If you don't get why Spielberg doesn't do director commentaries, you won't get my point, but I am right. All you people just want sandboxes, not complete games. The PC platform has ruined gaming, as everyone expects everything imaginable in every game.

Noone demands Optimus Prime in Citizen Kane, or guns in Lord of the Rings, but yet demanding new textures, items, etc, in computer games is ok. Reeks of hypocrisy,.
I'd personally love to see Optimus Prime in Citizen Kane, or perhaps Batman in there somewhere.

There's no hypocrisy there, I personally play through the vanilla game first and yes, often times there are things that the developers screwed the hootch on.

I just finished AC3 this afternoon and quite frankly, the controls were a mess and there are the same graphics problems that games have had for good 6 years at this pint with people levitating above the ground in places.

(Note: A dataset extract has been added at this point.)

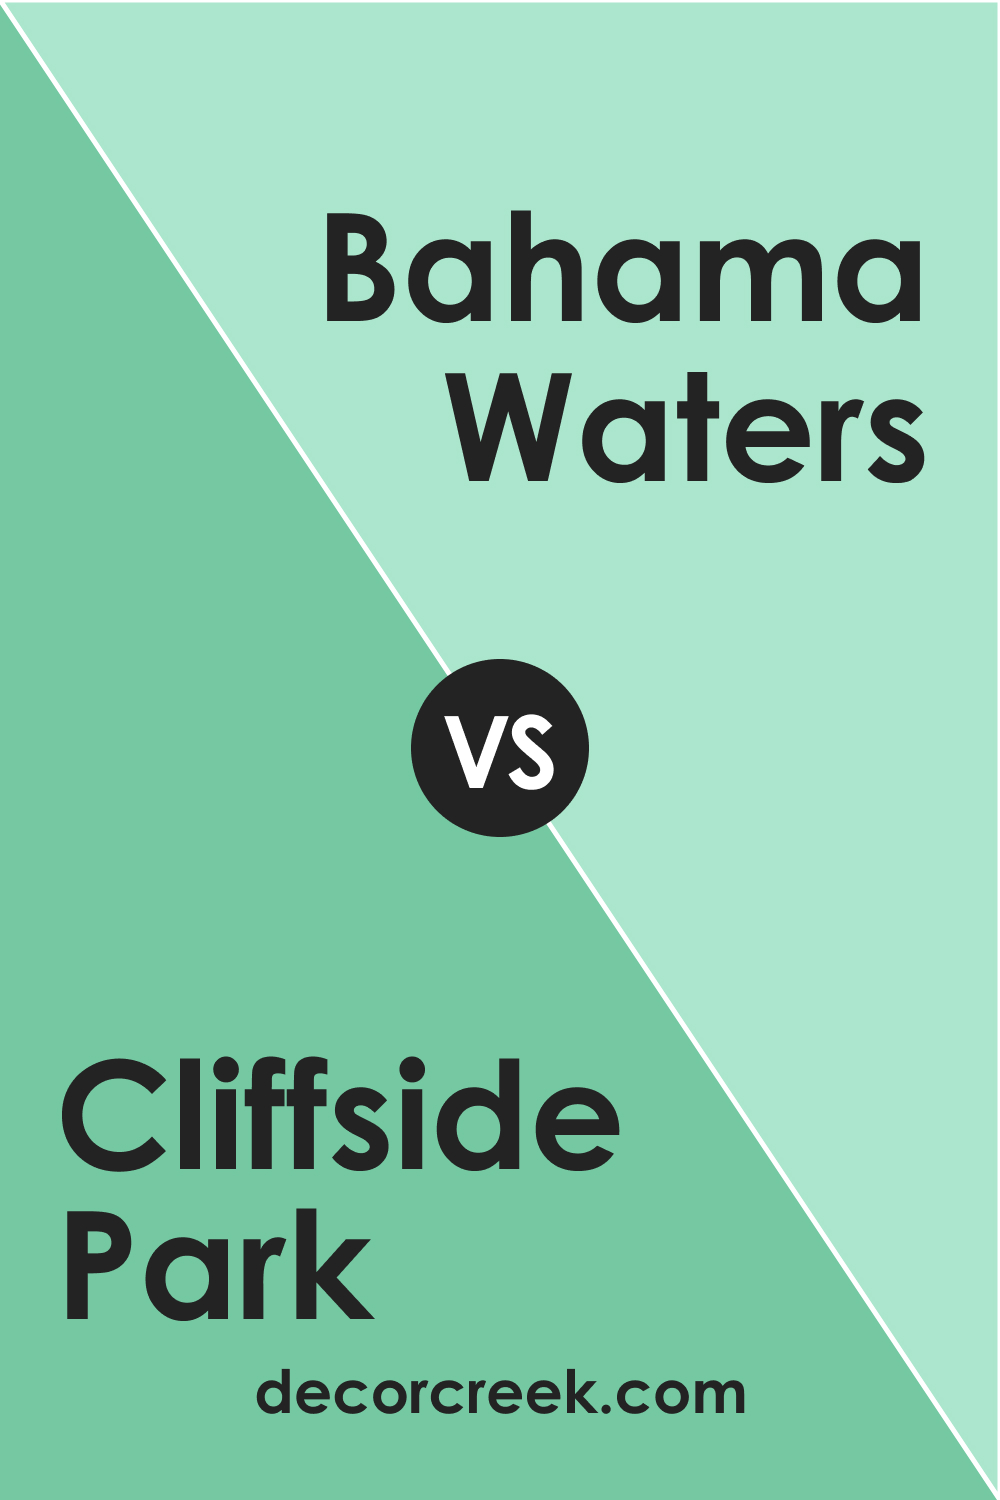 Cliffside Park 579 vs. BM 576 Bahama Waters

And nobody demands such things in movies because you watch it for 2 hours or so, and you're done and yes, tons of people would demand such things if it didn't require getting the cast and crew back to film the changes. I personally loath and despise the way that Kubrick chose to end 2001 and again in The Shining, it added basically nothing to the films to change the ending in the latter and refuse to change the ending in the former.

EDIT: Oh yeah, and I would cut out about half of Peter Jackson's The Hobbit as it does nothing positive to move the story along and wasn't in the source material either.